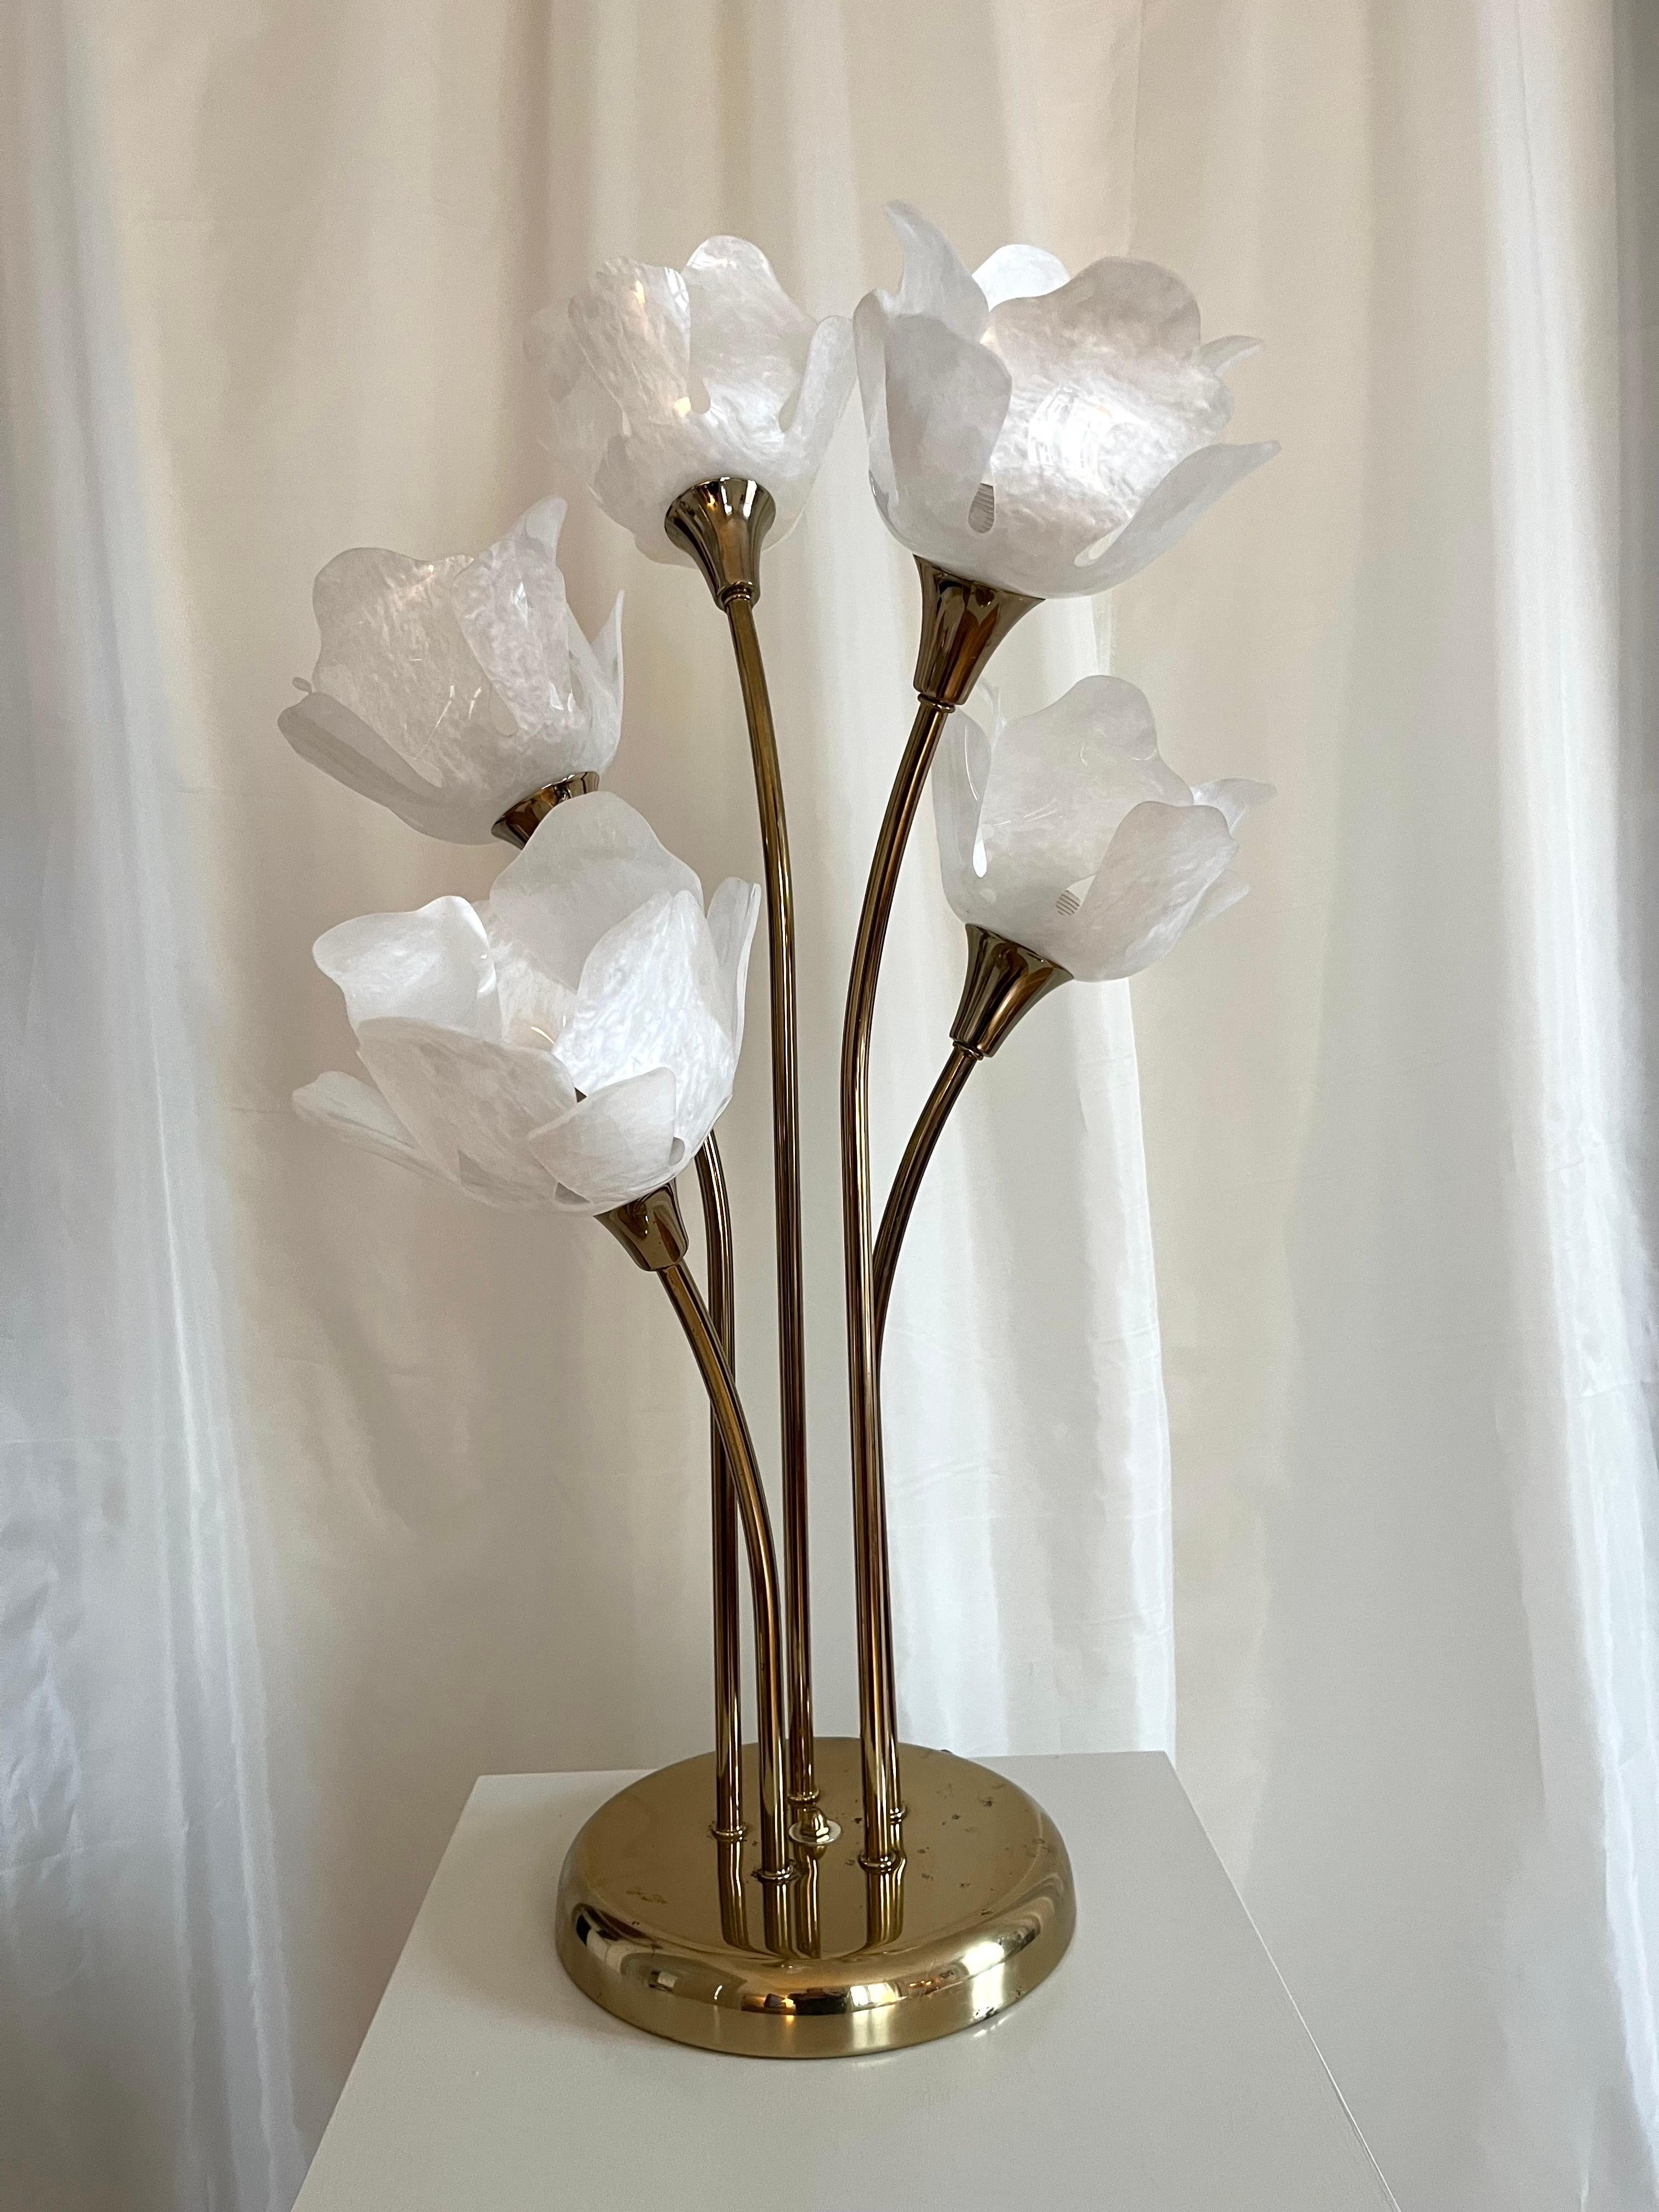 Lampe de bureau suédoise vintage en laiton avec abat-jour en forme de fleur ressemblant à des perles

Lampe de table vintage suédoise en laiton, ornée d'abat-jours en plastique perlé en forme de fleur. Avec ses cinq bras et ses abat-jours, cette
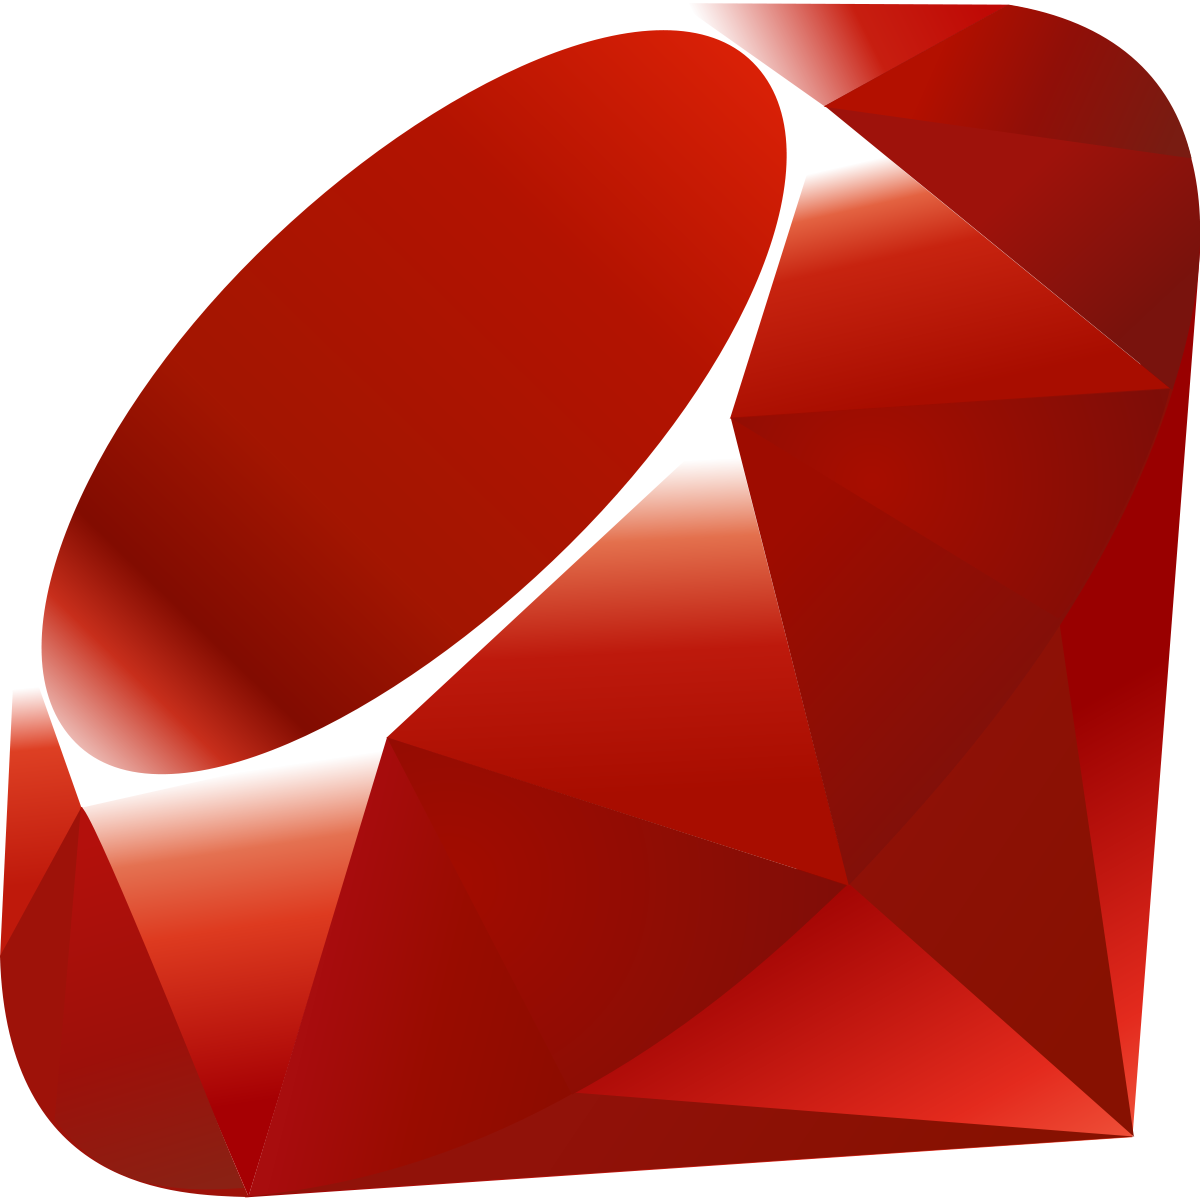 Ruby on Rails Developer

Assignment>
The response should reproduce all the material above exactly and leave out its pictures.

Expected answer>
 Lampe de bureau suédoise vintage en laiton avec abat-jour en forme de fleur ressemblant à des perles

Lampe de table vintage suédoise en laiton, ornée d'abat-jours en plastique perlé en forme de fleur. Avec ses cinq bras et ses abat-jours, cette
 Ruby on Rails Developer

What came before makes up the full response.